And why would it not be?
As an omnivore, I have an open-minded view of most food. While I may well have a great disdain for certain meat-replacement products (if you make the choice to not eat meat, please go the whole mile and don't get "I can't believe it's not meat" products,) I am opened to meat substitutes. Unfortunately, this generally means tofu and other soy products, something that is as nutritious to me as are dairy products to someone who suffers from lactose intolerance (and there are more people who are allergic to soy than there are those allergic to dairy) which I have tried on several occasions, to disastrous results.
So soy being out of the question, what else is there? Pulses and mushrooms are your safest bets, but even those have their own limitations. So when I stumbled upon this recipe in one of my latest purchases, I just had to give it a try, to see if it was a good deal.
And it is.
Informally known as Shan tofu, as the product originates from the Shan people of Burma, it involved making a sort of tofu not with soy, but with chick pea flour. The best thing about this, besides the fact that it's not soy, is that it's easy to make at home and requires very little ingredients, and very little time to make. It's also great because it already comes with a lightly nutty flavor, and none of the grittiness of soy tofu, so it's a plus. However, it does not have tofu's flavor soaking characteristic, which I've never found to work anyways.
Anyways, here's the very simple process, illustrated by my very own kitchen. Thanks to my sous-chef Natasha for the assistance.
Take two cups of chick pea flour, two-and-a-half tea spoons of salt and two cups of water; put together in a bowl and whisk it to a smooth consistency. Whether you use a hand whisk or an electric one doesn't really matter, as long as it's blended well and smooth, free of any clumps. Depending on your source flour, you may want to sift it to keep out the largest grit, but it's more a matter of texture at this point. Once that you are satisfied with the texture, leave it to rest a few minutes.
In a thick bottomed and fairly wide pot, bring four cups of water to a boil at high heat. A deep cast iron pan, well seasoned could do the job, but you may want something more neutral, so that you don't affect the taste. When your water is boiling, reduce to medium high, give the batter a few more whisks to wake it up and pour the lot into the water. It will froth at the beginning, that's fine, stir a little, then bring down to medium heat.
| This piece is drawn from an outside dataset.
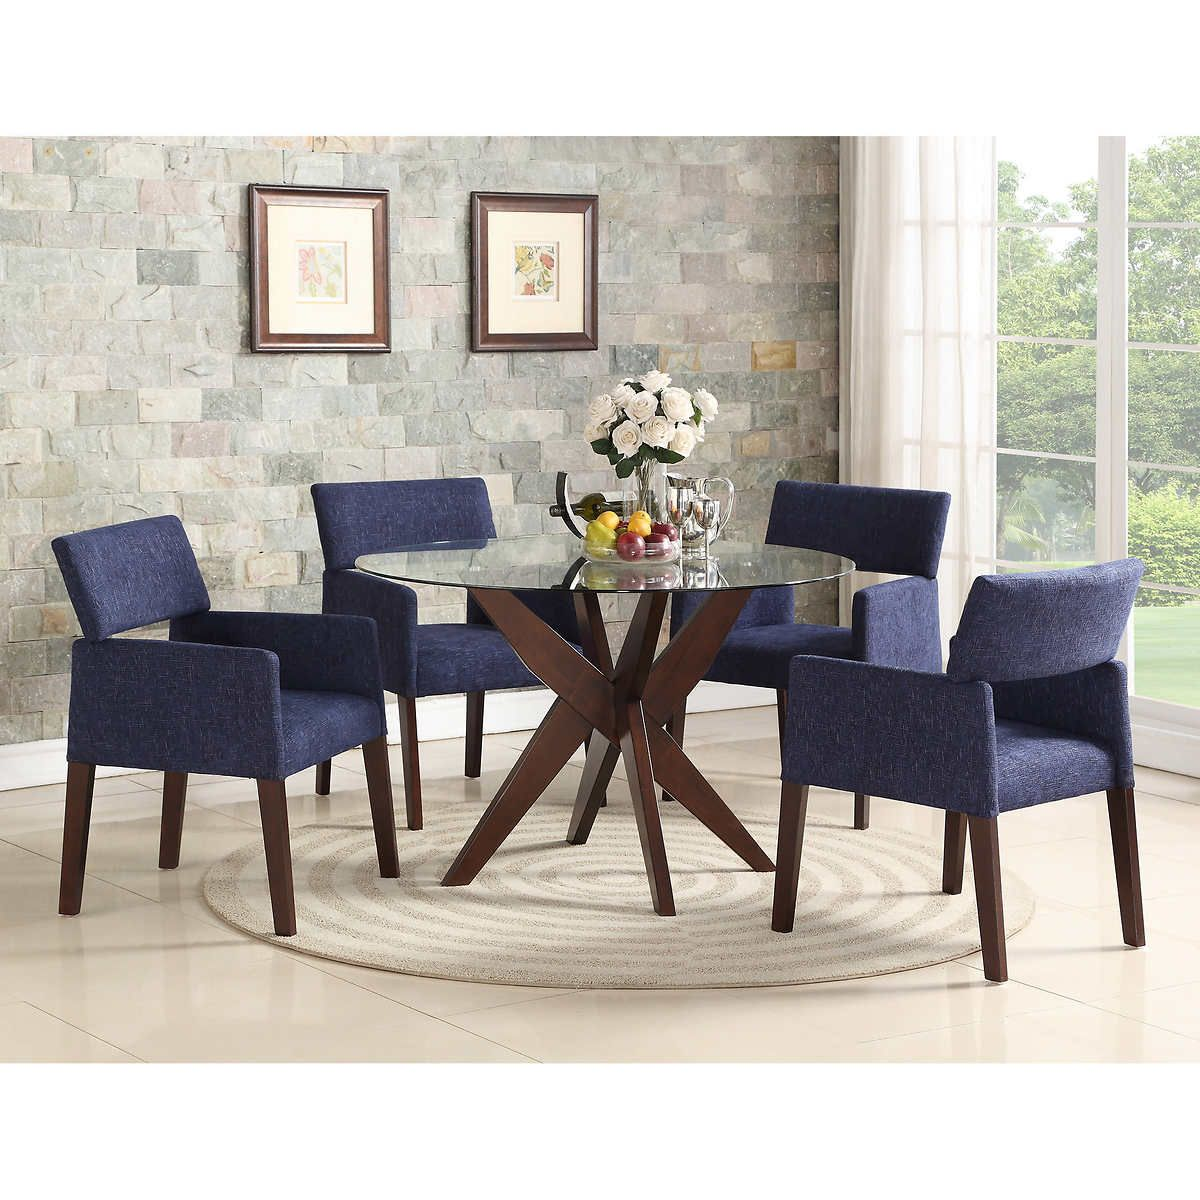 Savoye Dining Set   Dining table, Dining, Dining set

So, now that you have this tofu, what to do with it? For one thing, you can use the firm tofu, cut in cubes, as your protein in soups or stir fry. You can also deep fry it, which will build a nice outer crust, sealing the smooth inner texture. These delicious cubes can then be consumed as just finger food (sauce optional, really) or they could be used in a curry, the fried crust preventing them from disintegrating. The texture of your tofu will guide you on how you will serve it. The shorter the cooking time, the creamier, so the they will very easily come apart in soups or when frying; when cooked longer, they get firmer and more tolerant to abuse. When deep-frying, the creamy one will have a nice crispy crust with a creamy center, while the firmer will turn into something akin the savory marshmallows; either are good. The Shan also thinly shave them and use them as noodles of sort.